Device and method for reducing quantization noise in a time domain decoder {DEVICE AND METHOD FOR REDUCING QUANTIZATION NOISE IN A TIME-DOMAIN DECODER}

본 개시는 음향 처리의 분야에 관한 것이다. 보다 상세하게는, 본 개시는 음향 신호에 있어서 양자화 잡음을 감소시키는 것에 관한 것이다.The present disclosure relates to the field of sound processing. More particularly, the present disclosure relates to reducing quantization noise in acoustic signals.

최근의 대화형 코덱들(convensational codecs)은 대략 8kbps의 비트레이트(bitrate)에서 깨끗한 음성(clean speech) 신호를 아주 양호한 품질로 나타내고 16kbps의 비트레이트에서 거의 투명(transparency)하게 된다. 낮은 비트레이트에서 이러한 높은 음성 품질을 유지하기 위해 멀티 모달 코딩 기법(multi-modal coding scheme)이 일반적으로 이용된다. 통상적으로 입력 신호는 그의 특성을 반영하는 서로 다른 카테고리들로 나뉜다. 그 서로 다른 카테고리들은 예를 들어, 유성 음성(voiced speech), 무성 음성(unvoiced speech), 유성 온셋(voiced onset), 등을 포함한다. 그 다음 그 코덱은 이들 카테고리들에 대해 최적화된 서로 다른 코딩 모드들을 이용한다.Recent conversational codecs produce a clean speech signal with very good quality at a bitrate of approximately 8 kbps and become almost transparent at a bit rate of 16 kbps. In order to maintain such high voice quality at a low bit rate, a multi-modal coding scheme is generally used. Typically, the input signal is divided into different categories that reflect its characteristics. The different categories include, for example, voiced speech, unvoiced speech, voiced onset, and the like. The codec then uses different coding modes optimized for these categories.

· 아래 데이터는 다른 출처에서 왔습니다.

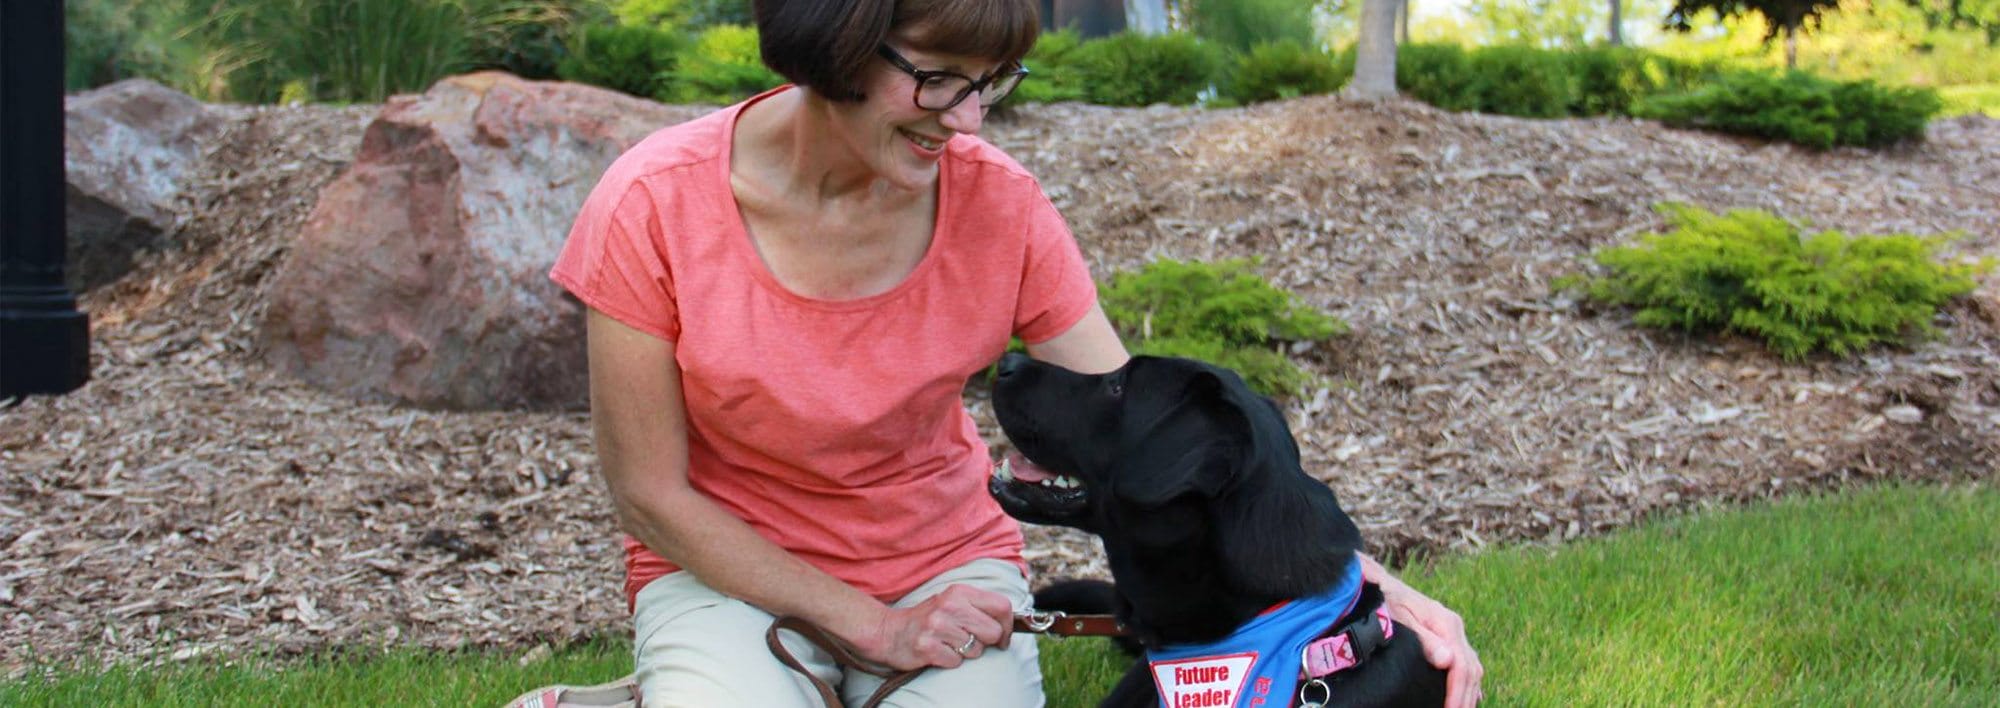 A woman kneels on grass in a neatly manicured yard. She is smiling at the black lab lying next to her on the grass. The lab is wearing a Future Leader Dog bandanna and looking up at the woman

음성 모델 기반 코덱들(speech-model based codecs)은 통상적으로 일반적인 오디오 신호들(generic audio signals), 예를 들어 음악을 잘 렌더링하지 못한다. 그 결과, 일부 이용되는 음성 코덱들은 음악을, 특히 낮은 비트레이트에서, 양호한 품질로 나타내지 못한다. 코덱이 채용되면, 인코더를 수정하기가 어려운데, 이는 비트스트림(bitstream)이 표준화되고 그 비트스트림에 대한 임의 수정이 그 코덱의 연동성(interoperability)을 깨트린다는 사실 때문이다.Speech-model based codecs typically do not render generic audio signals, for example music well. As a result, some of the used voice codecs do not present music with good quality, especially at low bit rates. When a codec is employed, it is difficult to modify the encoder, due to the fact that the bitstream is standardized and any modification to the bitstream breaks the interoperability of the codec.

그러므로, 음성 모델 기반 코덱들, 예를 들어 선형 예측(LP : linear-prediction) 기반 코덱들의 음악 콘텐츠 렌더링을 개선할 필요가 있다.Therefore, there is a need to improve music content rendering of speech model-based codecs, for example, linear-prediction (LP)-based codecs.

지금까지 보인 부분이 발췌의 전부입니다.